• COLLECTED MATERIAL:
╭──
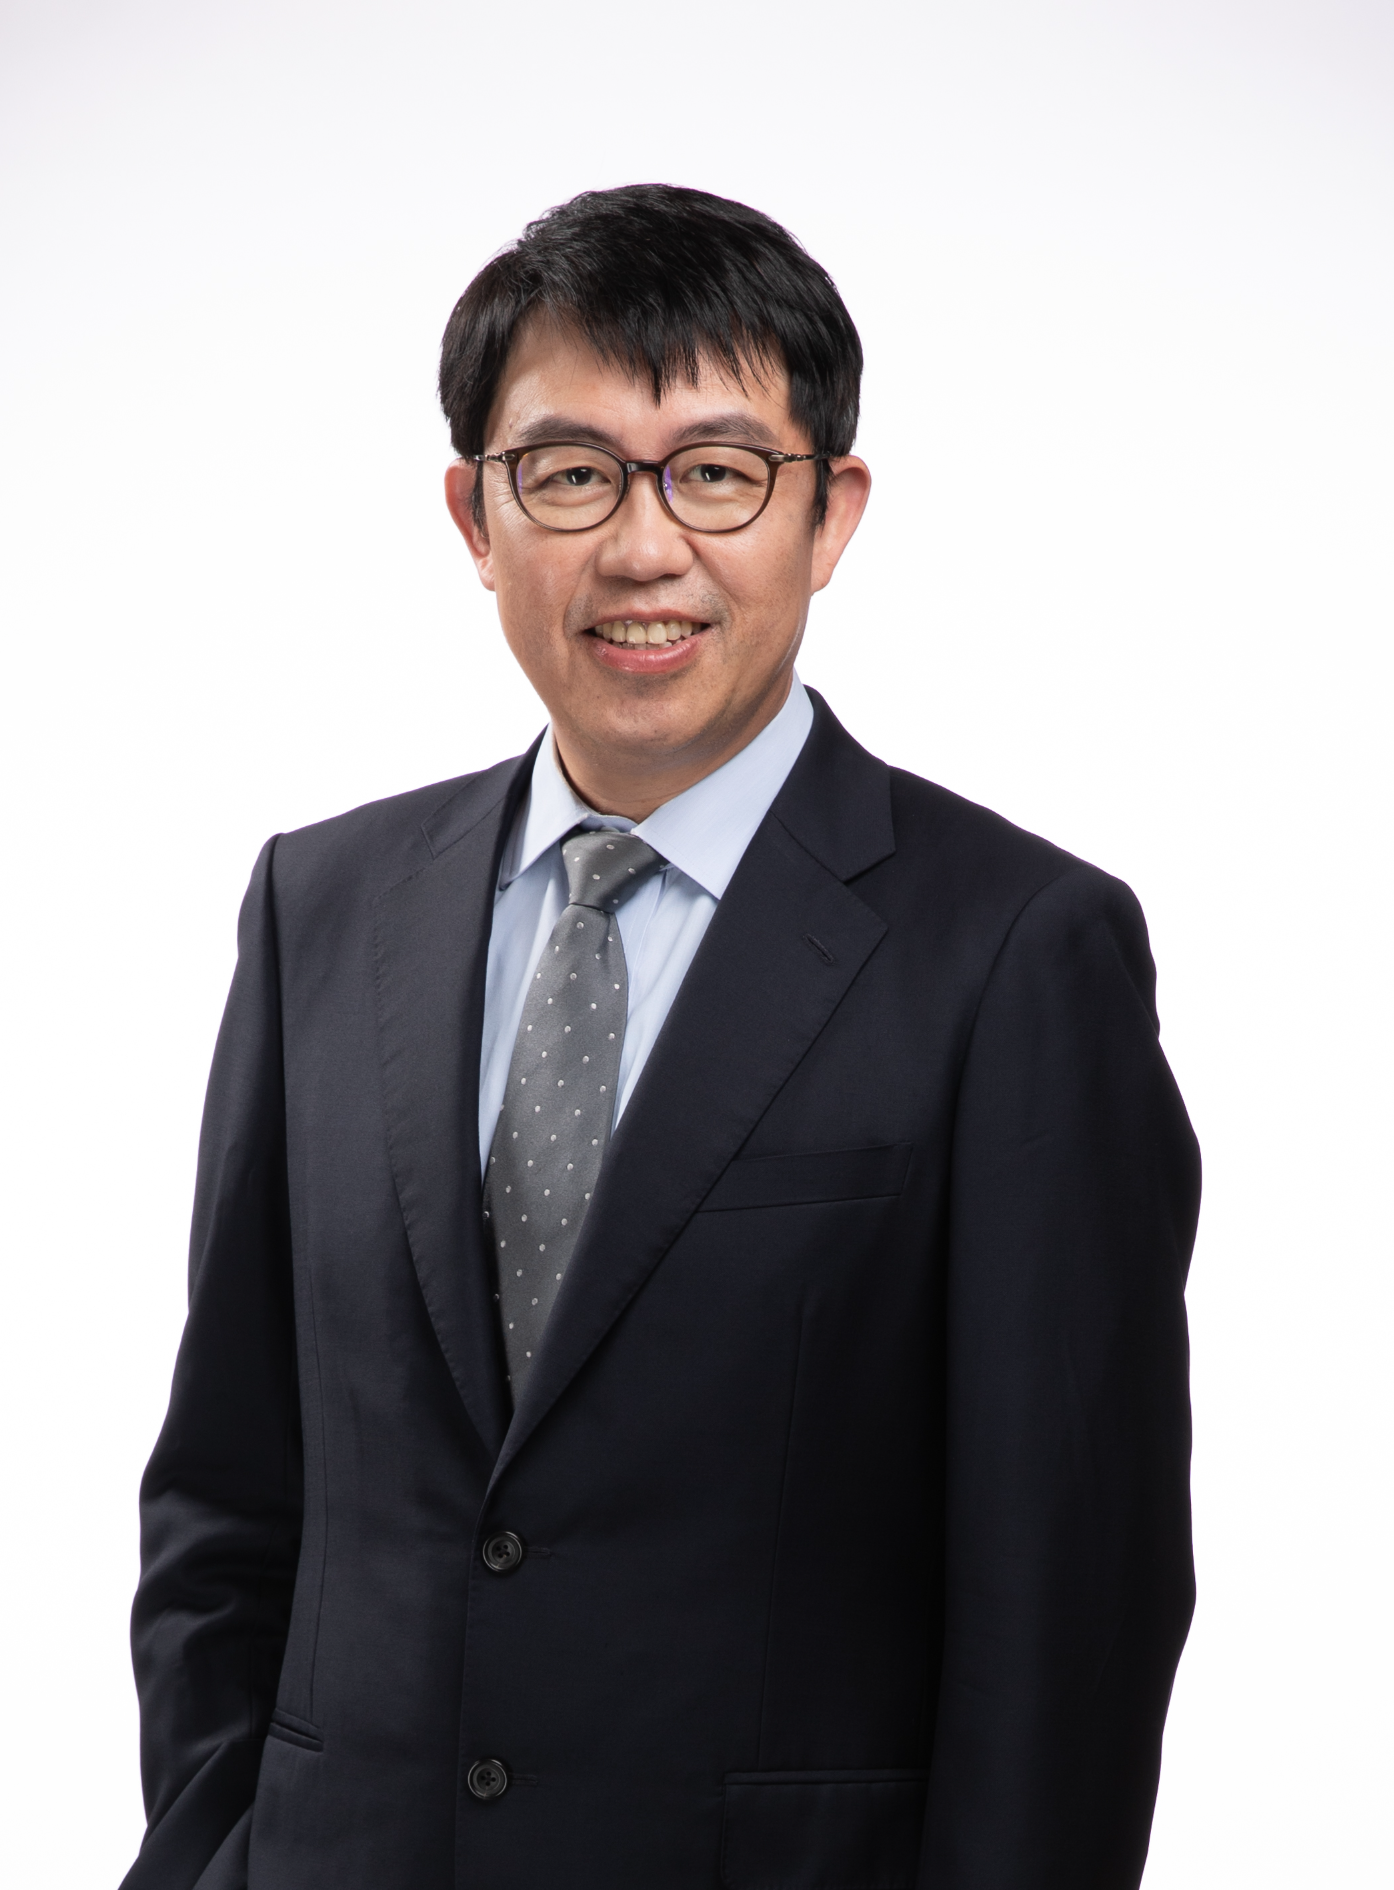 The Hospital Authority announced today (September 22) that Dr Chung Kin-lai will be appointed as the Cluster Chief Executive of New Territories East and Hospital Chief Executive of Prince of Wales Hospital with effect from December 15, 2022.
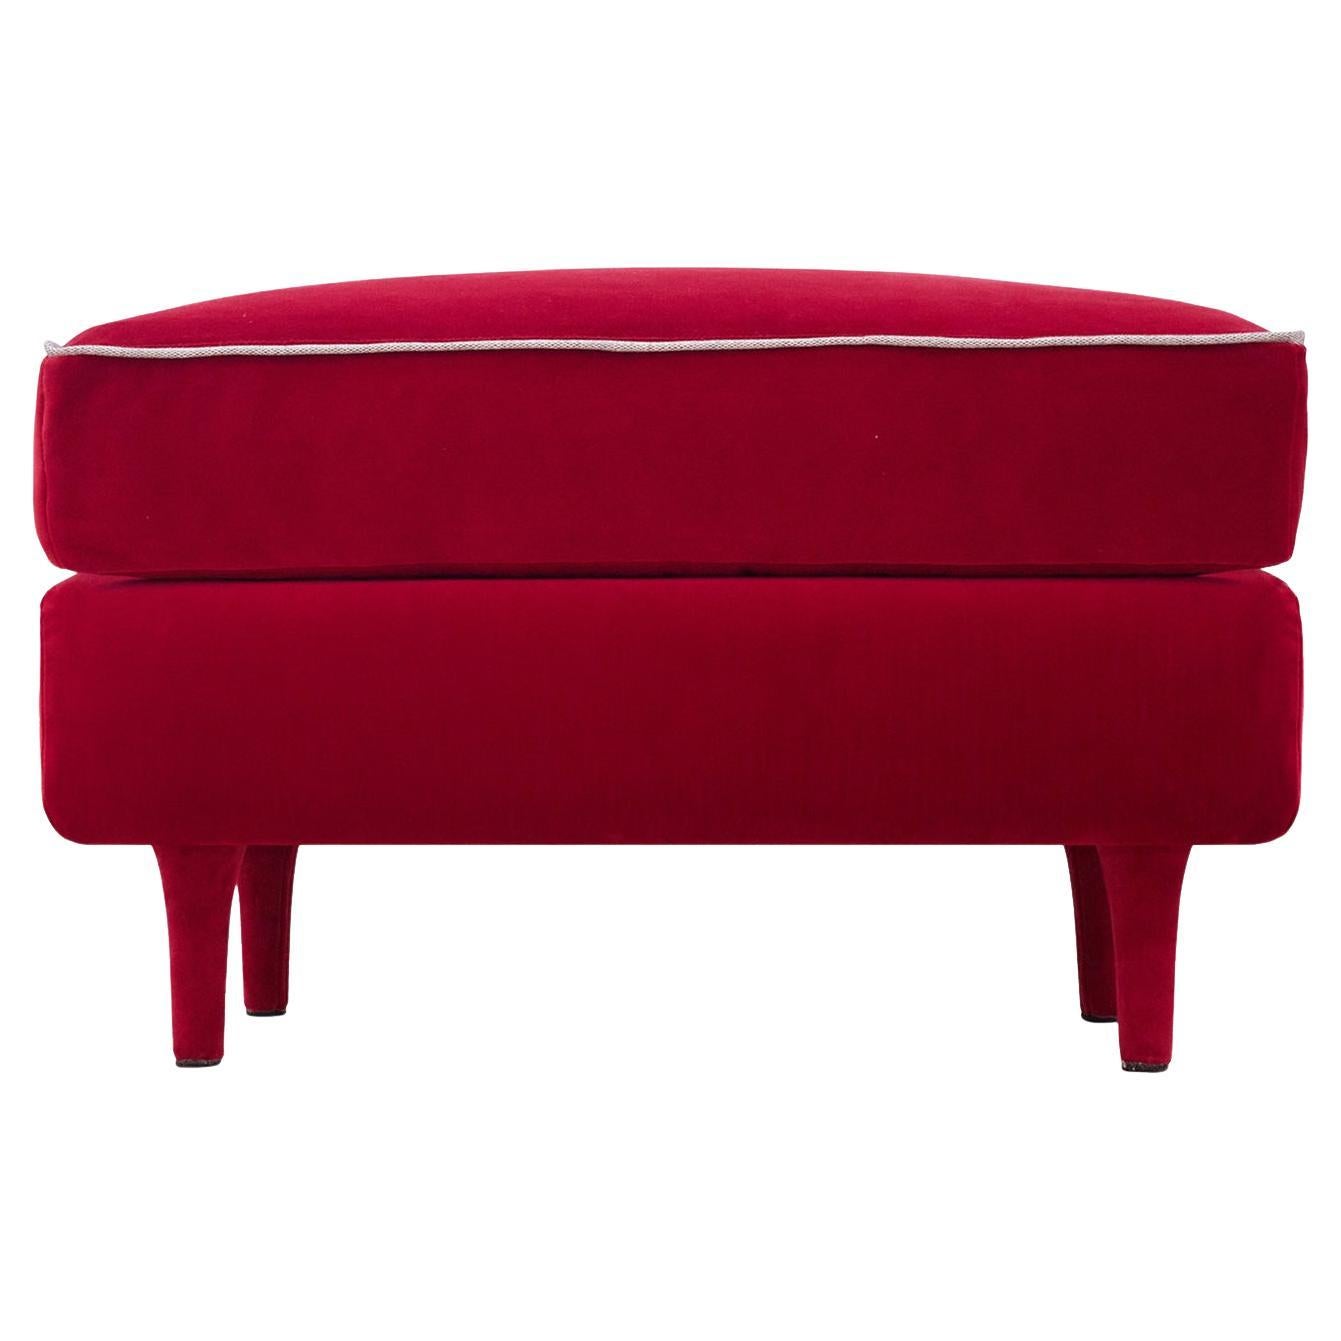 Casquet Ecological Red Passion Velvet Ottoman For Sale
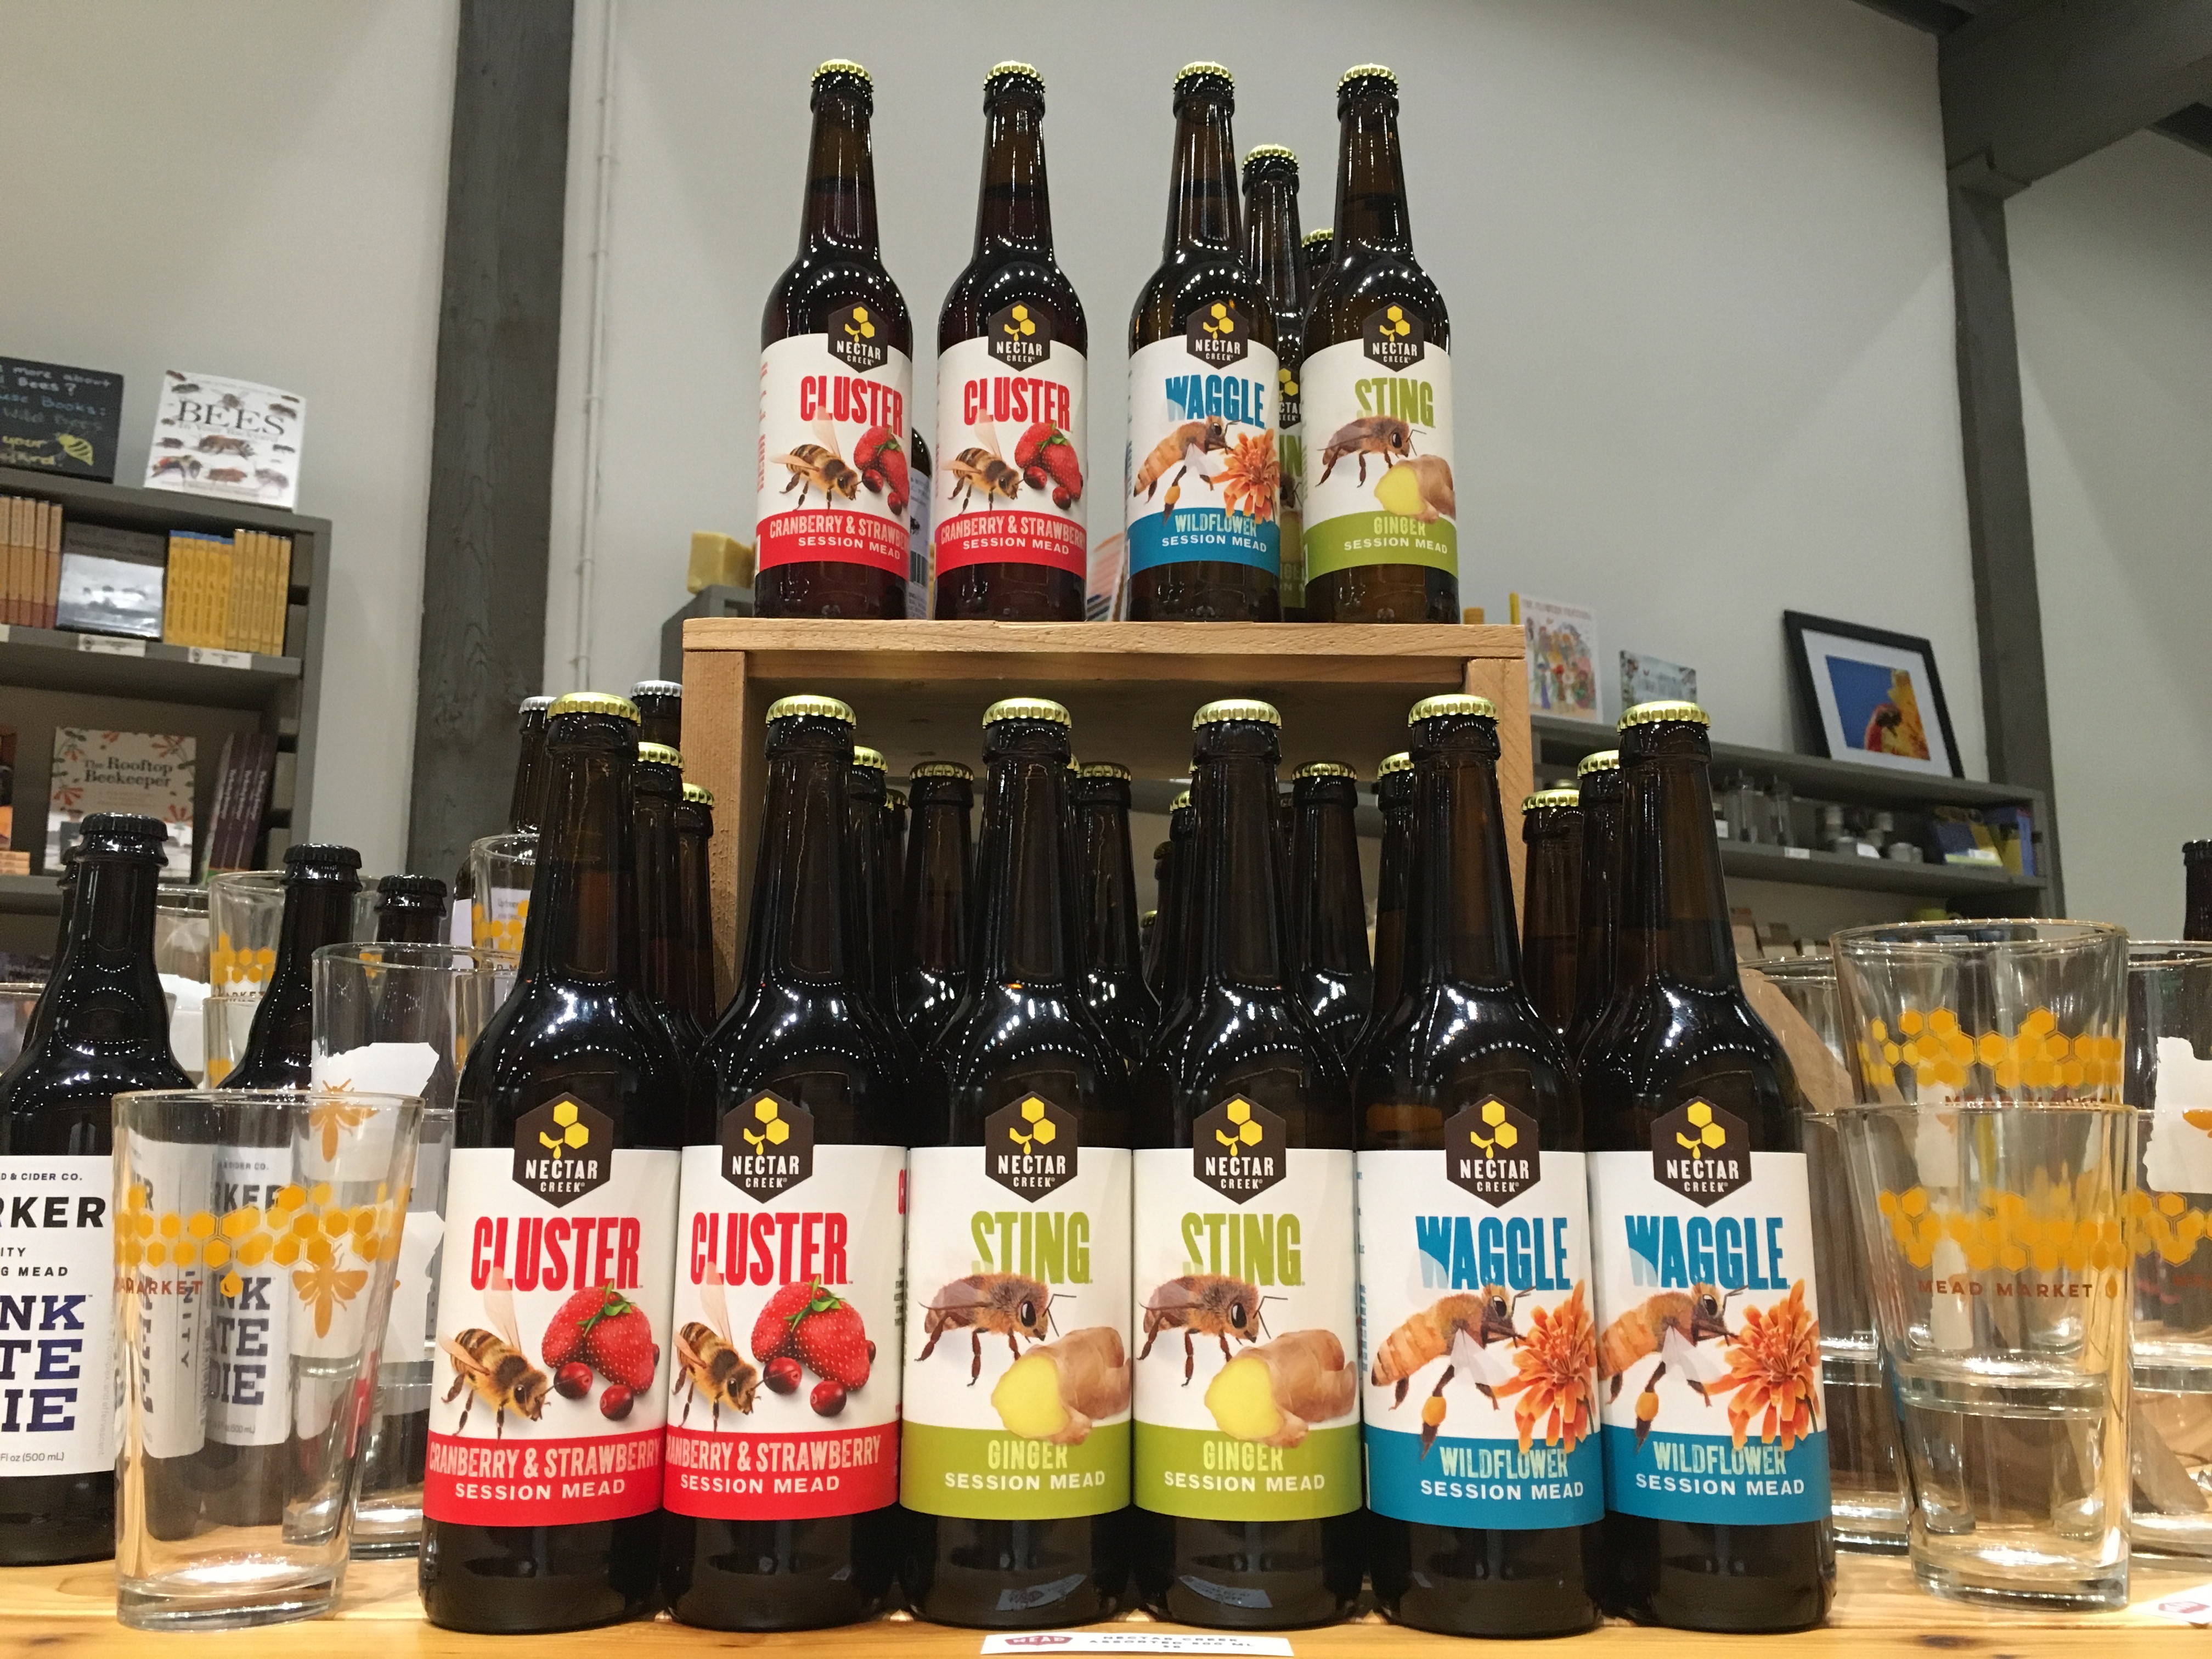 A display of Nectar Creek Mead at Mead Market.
╰──
• TASK STATEMENT:
Take the listing above and print it exactly, apart from the pictures.

• FINISHED TASK:
 The Hospital Authority announced today (September 22) that Dr Chung Kin-lai will be appointed as the Cluster Chief Executive of New Territories East and Hospital Chief Executive of Prince of Wales Hospital with effect from December 15, 2022.
 Casquet Ecological Red Passion Velvet Ottoman For Sale
 A display of Nectar Creek Mead at Mead Market.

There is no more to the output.